The Senate held an extended discussion Feb. 28 on the governor's communication about a revised FY2025 budget that, lawmakers said, restores 80 hours of work for government employees for the remainder of the fiscal year and includes funding allocations for retirees and municipal operations.
Senator Jude Hofschneider, speaking under communications from the governor (communication 24‑17), told the chamber the revised budget restores the 80‑hour workweek for government employees, provides a 25% payment for retirees and allocates funds for the health network program and municipal operations. He said the budget includes $23,000,000 in authorized expenditures and noted an allocation of $250,000 intended to settle certain obligations owed to the gaming commissioners.
Why it matters: Senators said restoring work hours for government employees was the principal public‑facing goal of the revision. Several members emphasized the budget move was intended to relieve hardship for workers and municipal services, and they framed the package as a short‑term step while the government seeks to recover lost revenue.
Senator Hofschneider detailed the municipal allocations discussed in the session, saying the revised plan includes $300,000 each for mayors Seitman (municipality unspecified in the record), RB Komatsu (Second Senatorial District) and Mayor Aubrey Hocco (First Senatorial District, Luta). He also cited a figure he said represented the pre‑COVID casino industry's total receipts ("$274,000,000") and described portions of that prior revenue stream that supplied government programs and retirement funding.

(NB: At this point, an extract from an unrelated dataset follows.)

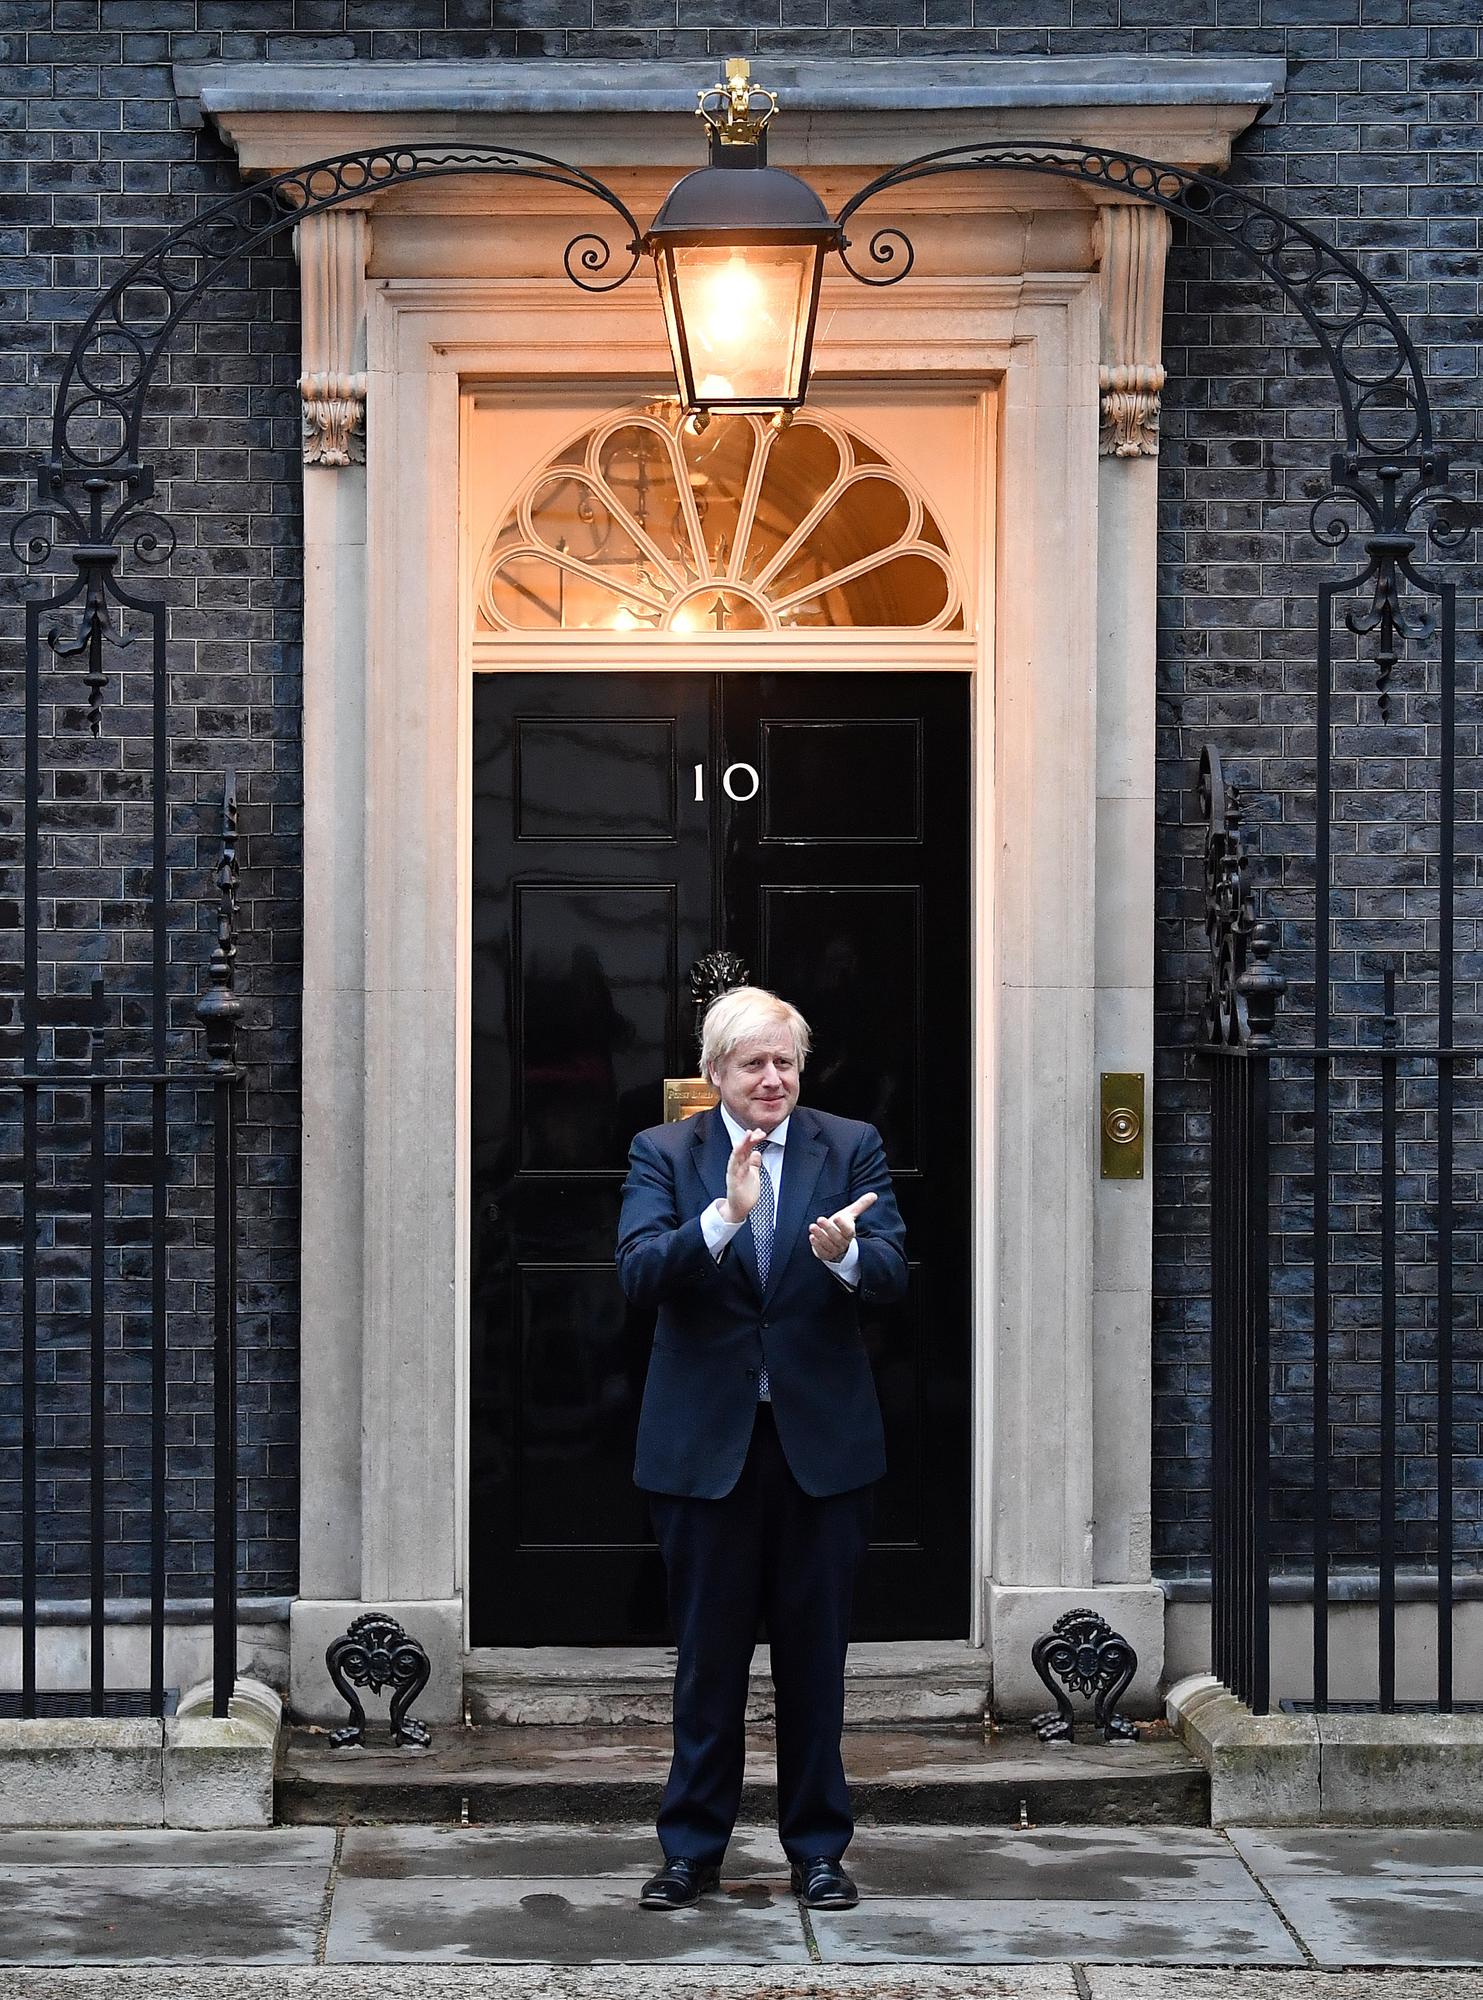 Le Premier ministre britannique Boris Johnson a participé à la journée nationale "Clap for Carers" ayant pour but de remercier le NHS, le service public de santé, pour son travail. 10 Downing Street, Londres, le 30 avril 2020. [AFP - Ben Stansall]

Multiple senators echoed the emphasis on recovering gaming‑related revenue. A senator who spoke during member discussions said the restored hours and the municipal allocations were the "greater good" that drove passage of the bill that produced the revision; that bill, she said, had moved through the House and Senate and was signed by the governor the same day. Senator Magofna and others urged continued efforts to advocate for and collect outstanding revenues tied to the casino industry, and repeatedly linked that revenue to funding for the retirement system.
Discussion, not additional action: Senators clarified that some members disagreed with elements of the revised budget but supported the package overall so employees could return to an 80‑hour schedule. The Senate did not take a separate recorded roll call on this communication in the excerpted session beyond the floor discussion recorded here.
Clarifying details from the record: the Senate discussion identified (1) restoration of 80 work hours for government employees for the remainder of FY2025; (2) a 25% payment for retirees (amount not specified in the transcript); (3) $23,000,000 of authorized expenditures mentioned by Hofschneider, including a $250,000 allocation referenced as intended to address obligations to the gaming commissioners; and (4) municipal allocations of $300,000 to three mayors as recorded by Hofschneider. The meeting transcript attributes these figures to Senator Hofschneider and other senators speaking during member communications.
What remains unresolved: Senators urged executive branch and other actors to continue pursuing outstanding revenue recovery and to await the outcome of judicial processes referenced in the discussion before considering statutory amendments related to gaming. No additional formal action or vote on new budget measures is recorded in the transcript excerpt provided.
Taper: Senators closed the discussion by reiterating a shared goal of improving employee hours and municipal services while continuing advocacy to recover pre‑COVID revenue streams that they said historically supported government programs.